En todas partes adonde fue, anunció el acontecimiento futuro.
– Va a nacer un salvador -parecía estar proclamando -, ¡un redentor!
De pronto Ethel se sintió avergonzada; deseó no haber hecho lo que hizo. ¿Qué la había hecho creer que podía jugar de ese modo con esta clase de persona? Hubiera querido huir de todo, pero ya no le era posible hacer eso.
Harta de comida, llena de vino, pesada por el embarazo, durmió en la cama donde había muerto el padre de Costa, la cama que ahora pertenecía a Teddy. Despertó durante la noche y tuvo que ahogar el impulso de saltar de la cama y echar a correr. Por la mañana decidió que no le quedaba otro recurso sino pasar por ello.

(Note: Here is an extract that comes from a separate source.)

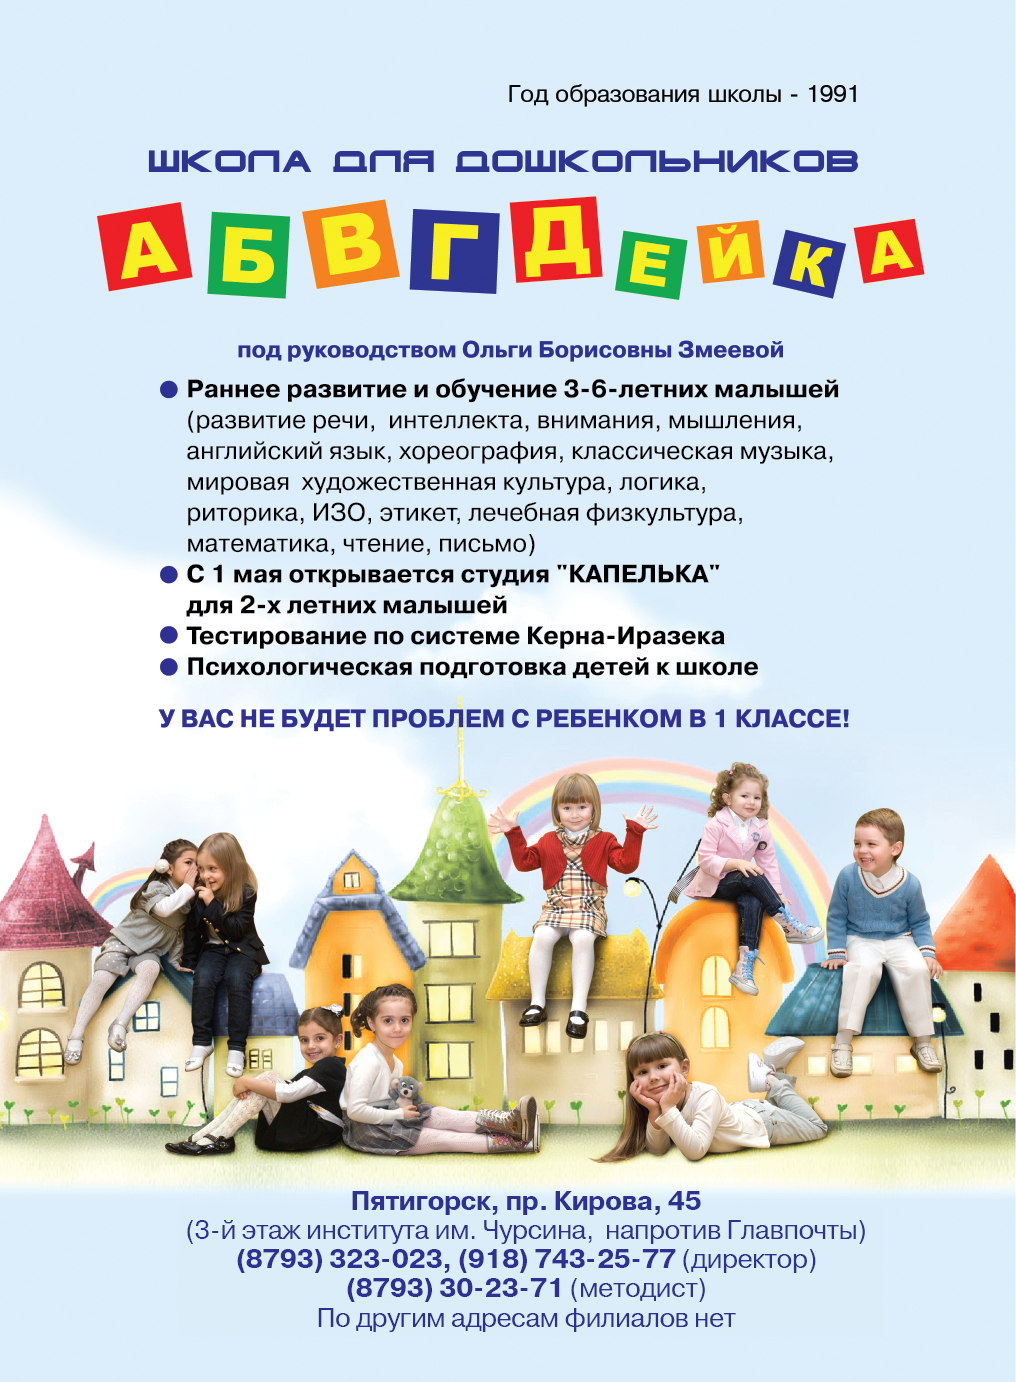 Детский сад "7 гномов" на полдня в Пятигорске
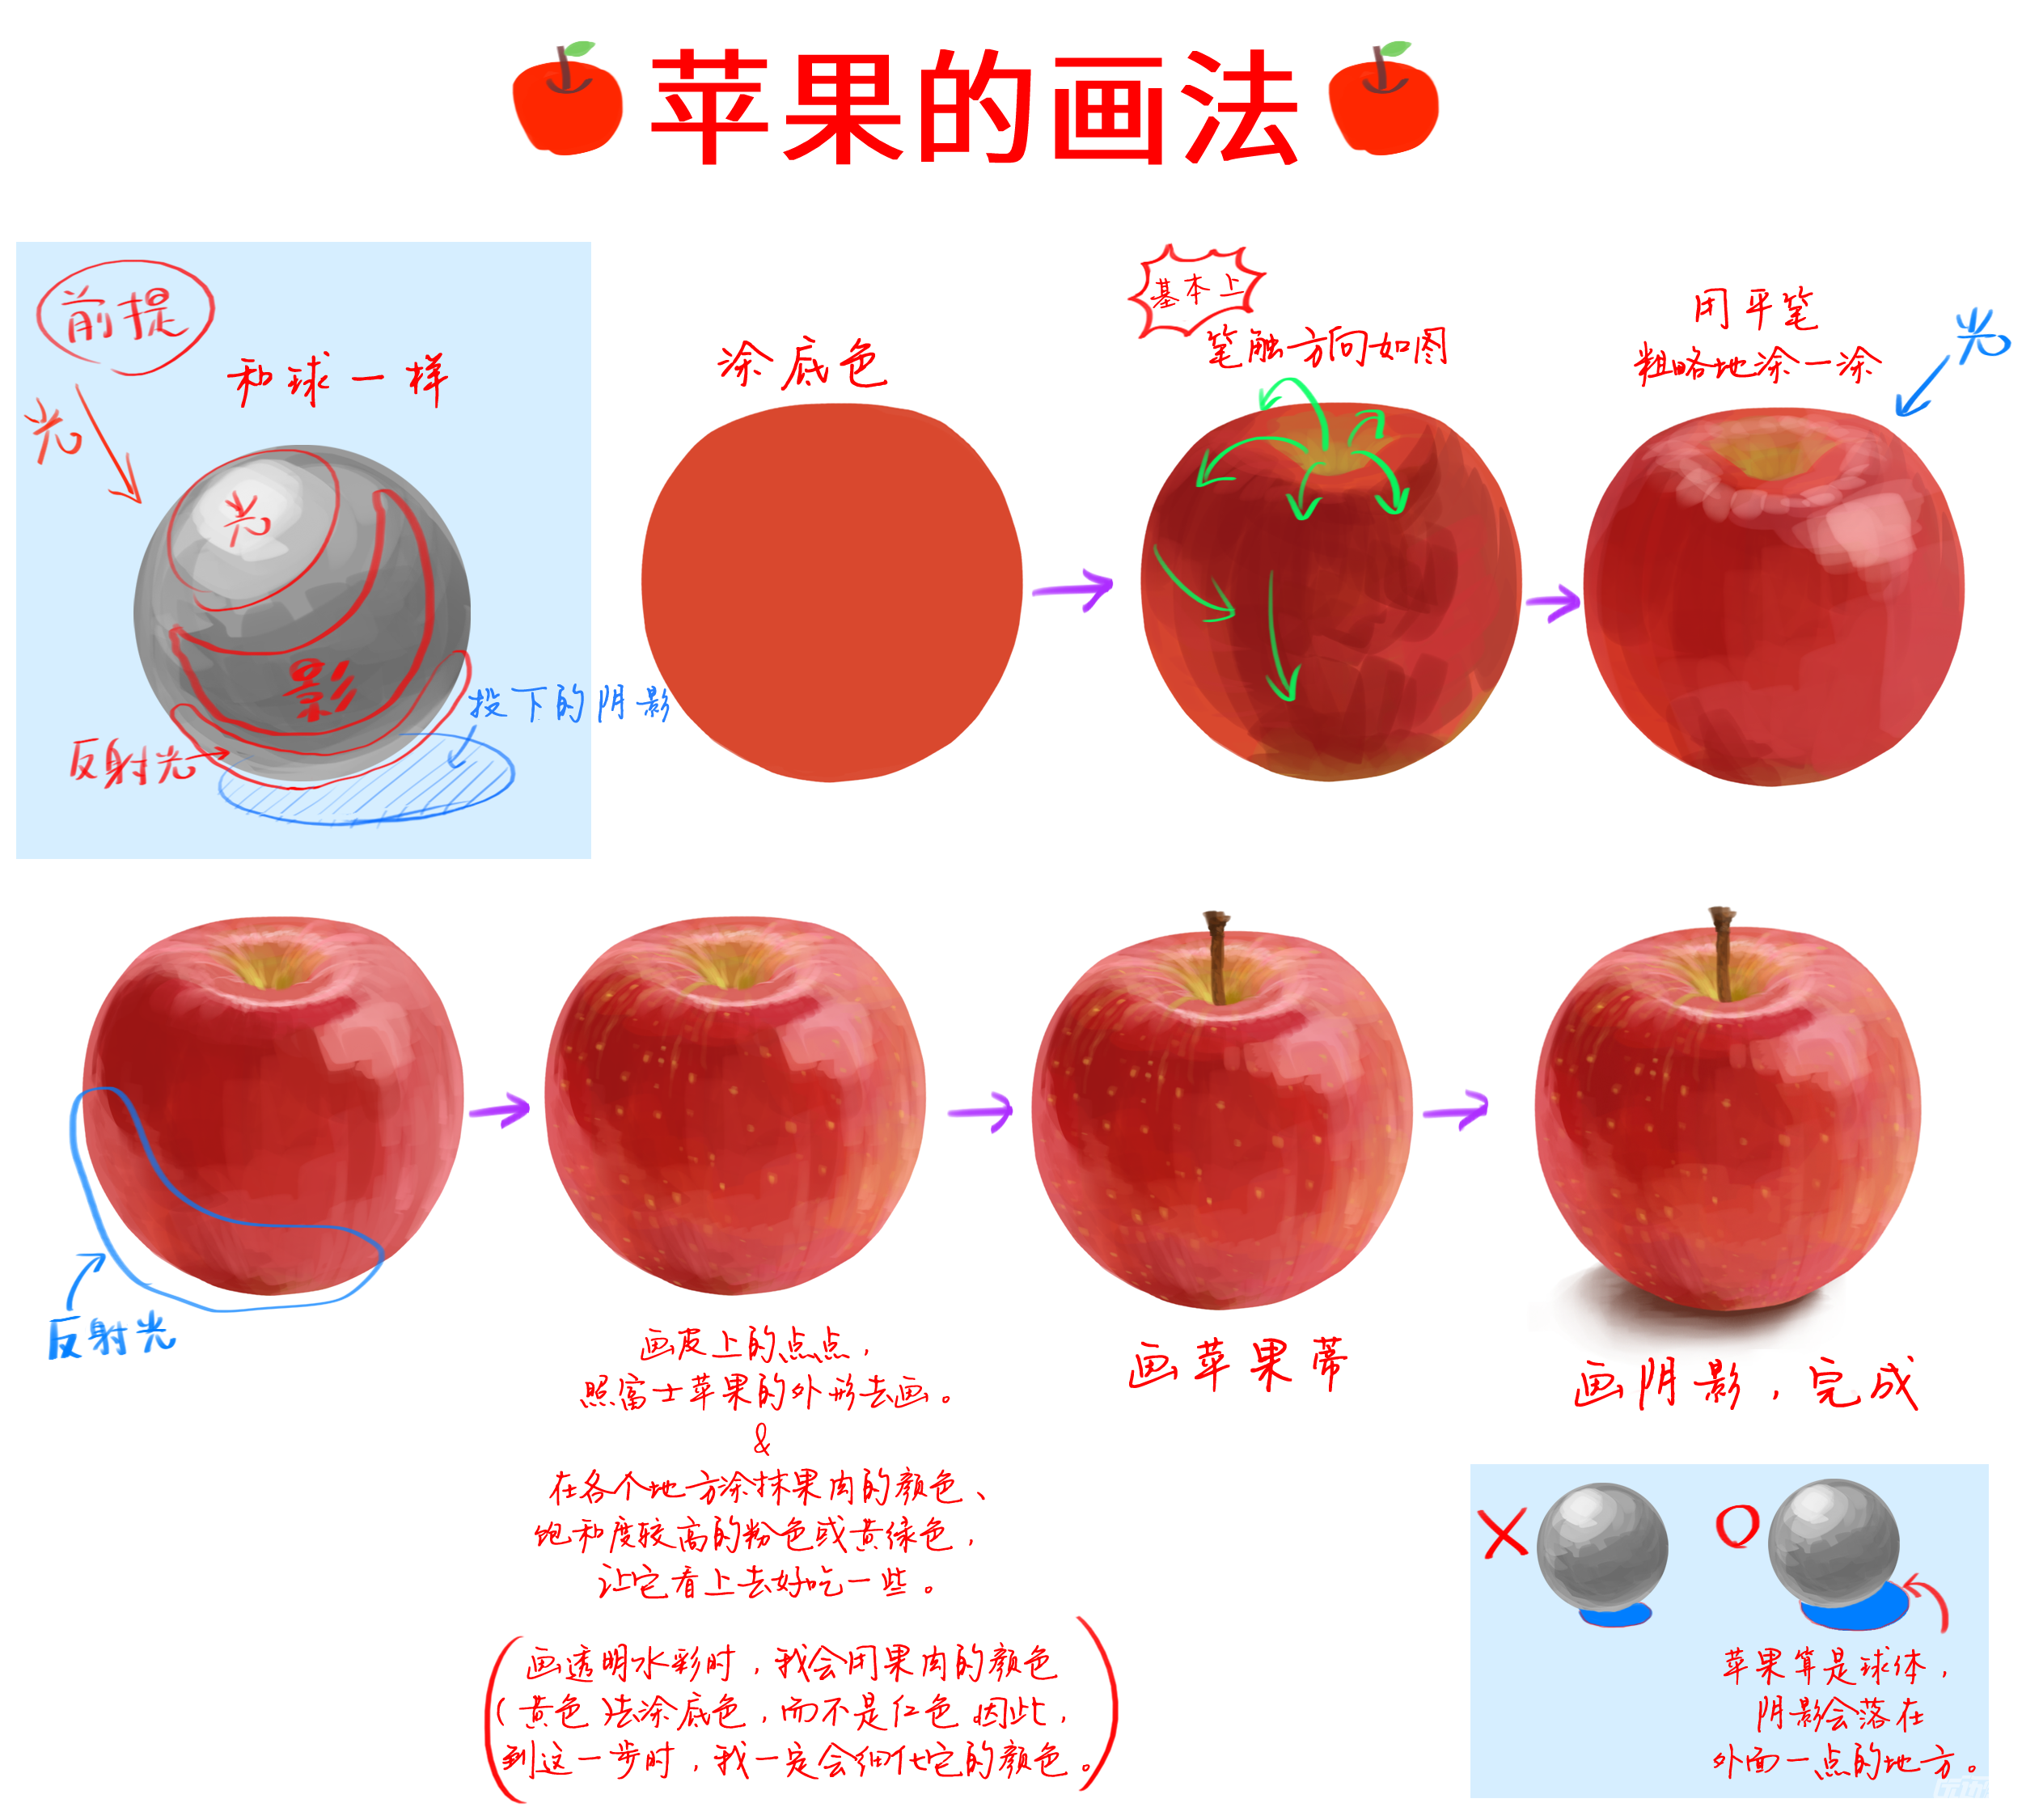 何家英红苹果画法图片

El domingo por la mañana lo pasó al lado de Costa, visitando la lumba de su padre, escuchando mientras Costa hablaba con la imagen de su padre (¿oiría él algún mensaje del más allá?), contemplando cómo Costa recortaba la hierba alrededor de la tumba (¿quién más, pensó ella, cuida de sus muertos de igual modo?), sacando después su pequeña escoba de paja y barriendo los fragmentos caídos de la piedra. Lógicamente, resultaba absurdo. Sin embargo, la devoción por sí misma, el sentimiento que demostraba, ése era un valor que Ethel no podía despreciar.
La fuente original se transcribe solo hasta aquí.